Can you try marking fewer outputs?

Jul 29 '22 13:07 pranavm-nvidia

您可以尝试标记更少的输出吗？

i removed mark all, also failed

polygraphy run model.onnx --trt --onnxrt --tactic-sources CUBLAS --fp16 --atol 1e-3 --rtol 1e-3 --val-range [0,1]

below is ouput

[08/01/2022-09:43:39] [TRT] [W] If this is not the desired behavior, please modify the weights or retrain with regularization to reduce the magnitude of the weights.
[08/01/2022-09:43:39] [TRT] [W] Weights [name=onnx::MatMul_3171 + (Unnamed Layer* 313) [Shuffle]] had the following issues when converted to FP16:
[08/01/2022-09:43:39] [TRT] [W]  - Subnormal FP16 values detected. 
[08/01/2022-09:43:39] [TRT] [W] If this is not the desired behavior, please modify the weights or retrain with regularization to reduce the magnitude of the weights.
[08/01/2022-09:43:39] [TRT] [W] Weights [name=onnx::MatMul_3172 + (Unnamed Layer* 330) [Shuffle]] had the following issues when converted to FP16:
[08/01/2022-09:43:39] [TRT] [W]  - Subnormal FP16 values detected. 
[08/01/2022-09:43:39] [TRT] [W] If this is not the desired behavior, please modify the weights or retrain with regularization to reduce the magnitude of the weights.
[08/01/2022-09:43:46] [TRT] [W] Skipping tactic 0 due to insufficient memory on requested size of 444487680 detected for tactic 0x0000000000000000.
[08/01/2022-09:43:46] [TRT] [W] cuDNN, cuBLAS or cuBLASLt library is still required on networks with loop, boolean operators or transformer based architectures even if it is disabled through TacticSources APIs.
[08/01/2022-09:43:53] [TRT] [W] Skipping tactic 0 due to insufficient memory on requested size of 444487680 detected for tactic 0x0000000000000000.
[08/01/2022-09:43:53] [TRT] [E] 10: [optimizer.cpp::computeCosts::3628] Error Code 10: Internal Error (Could not find any implementation for node {ForeignNode[q...Reshape_973 + Transpose_974 + Reshape_980]}.)
[08/01/2022-09:43:53] [TRT] [E] 2: [builder.cpp::buildSerializedNetwork::636] Error Code 2: Internal Error (Assertion engine != nullptr failed. )
[!] Invalid Engine.
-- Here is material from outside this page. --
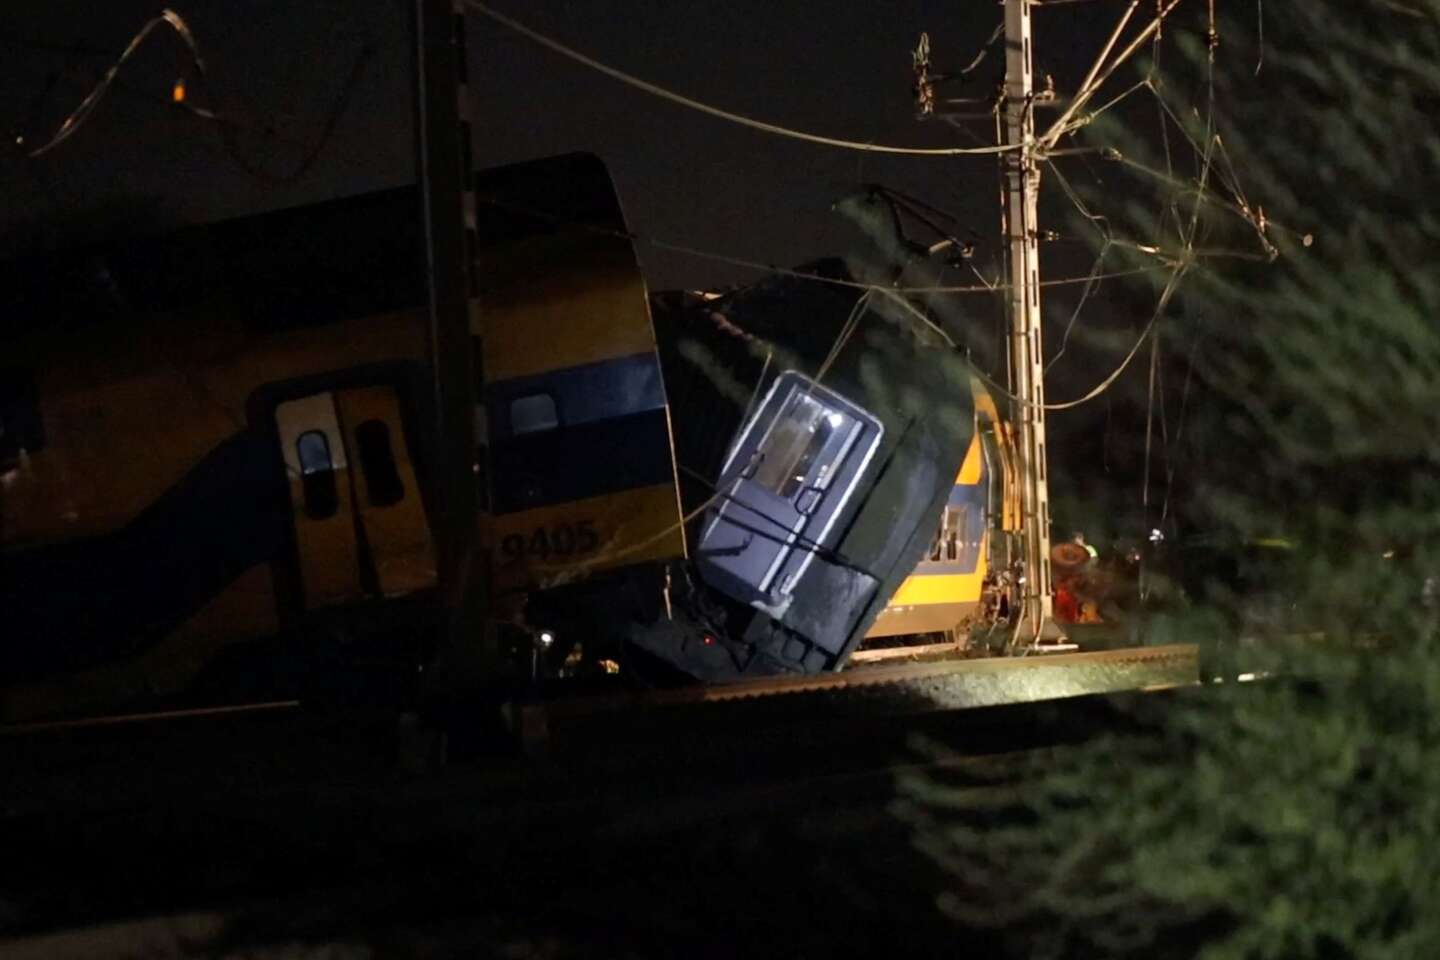 In Nederland ontspoorde een trein tussen Leiden en Den Haag, waarbij één persoon om het leven kwam en tientallen gewond raakten.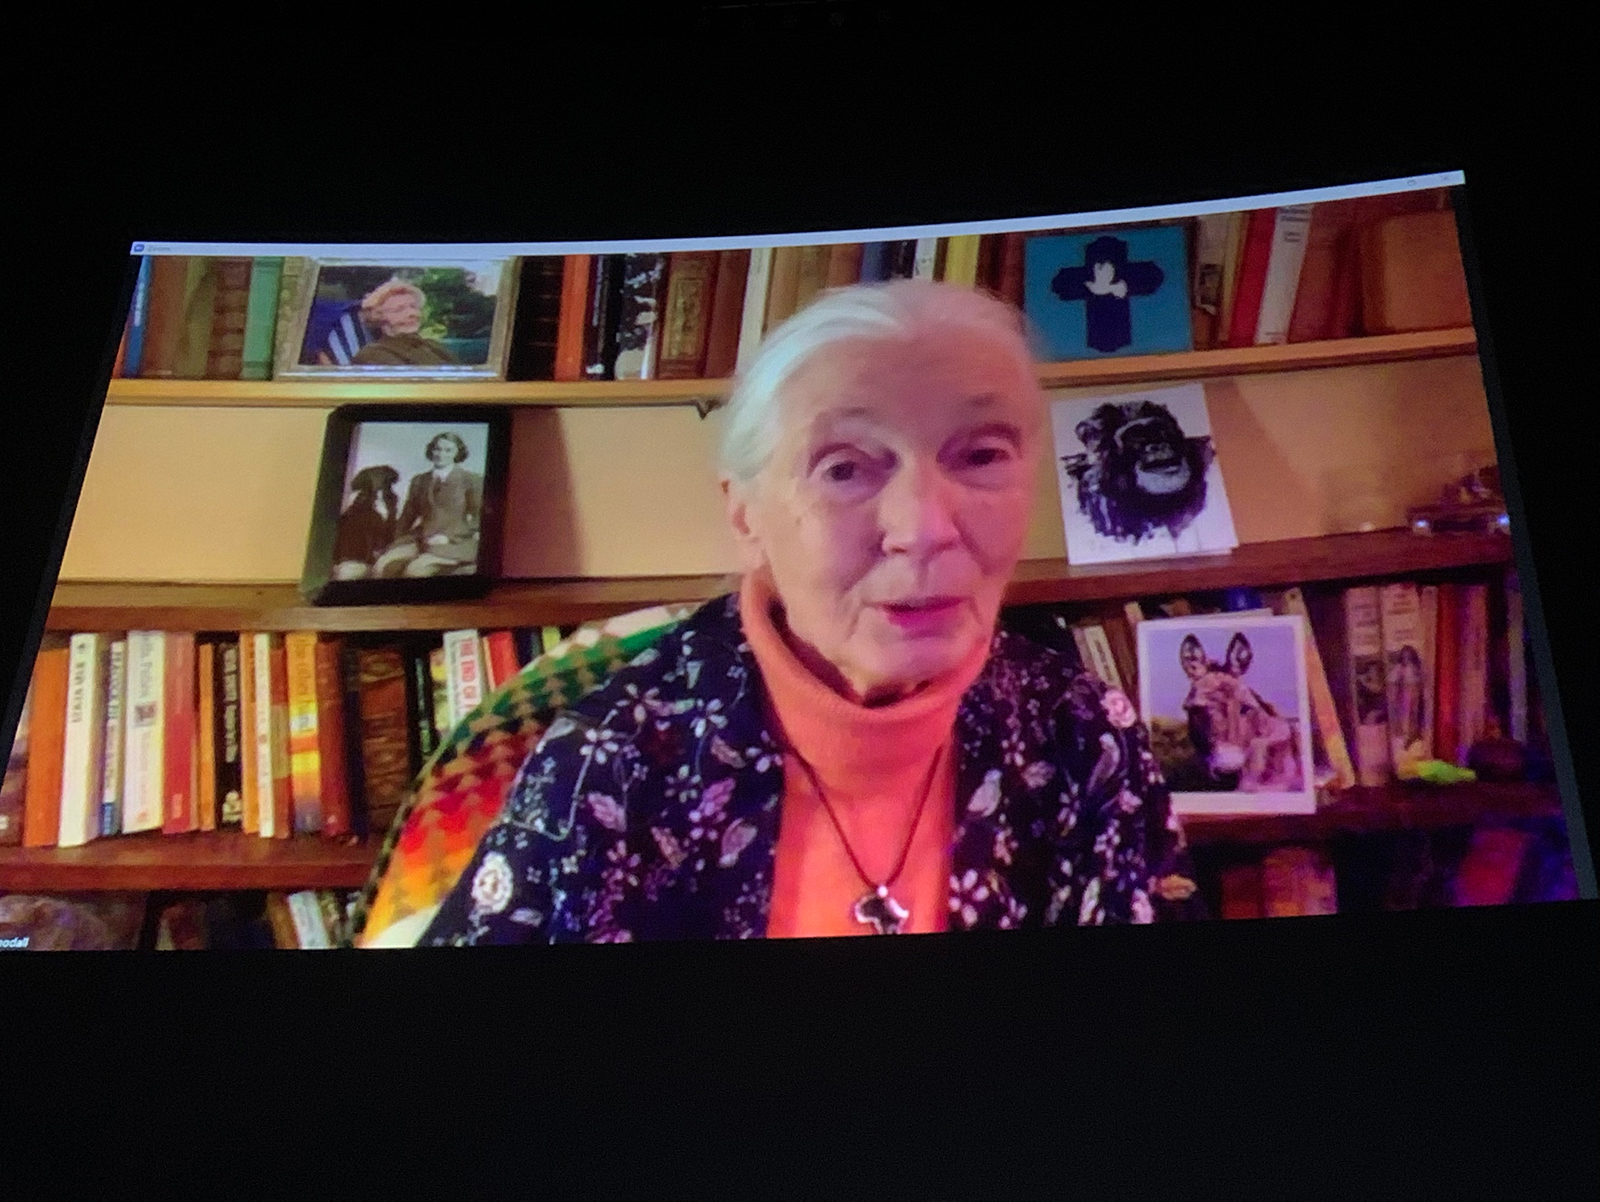 Jane Goodall speaking via Zoom at COP26.

Please ensure the engine was built correctly

Aug 01 '22 01:08 duanchengwen

i met the same error

Aug 01 '22 08:08 oreo-lp

Can you try increasing the workspace size? e.g. --pool-limit workspace:1G

Aug 01 '22 13:08 pranavm-nvidia

Can you try increasing the workspace size? e.g. --pool-limit workspace:1G I set --pool-limit workspace:2G or --pool-limit workspace:20G, but it did not work

Aug 01 '22 13:08 oreo-lp

Can you try increasing the workspace size? e.g. --pool-limit workspace:1G

my network is transformer, when runpolygraphy run ./transformer.onnx --trt, it's ok. but run polygraphy run ./transformer.onnx --trt-outputs mark all --pool-limit workspace:2G, not work.

Aug 02 '22 01:08 oreo-lp

Can you try increasing the workspace size? e.g. --pool-limit workspace:1G

When I extract the onnx model, and only contain "input_mask -> unsqueeze" ops, the same error arose. Maybe polygraphy tools doesnt support "unsqueeze" op?

Aug 02 '22 03:08 oreo-lp

Can you try increasing the workspace size? e.g. --pool-limit workspace:1G

when I set --trt-outputs mark all, the same error arose, but set --trt-outputs is some layer id, e.g. --trt-outputs 10, it's ok. What's the reason for this bug?

Aug 02 '22 08:08 oreo-lp

It sounds like a TensorRT bug. Can you share the extracted model where you're seeing this?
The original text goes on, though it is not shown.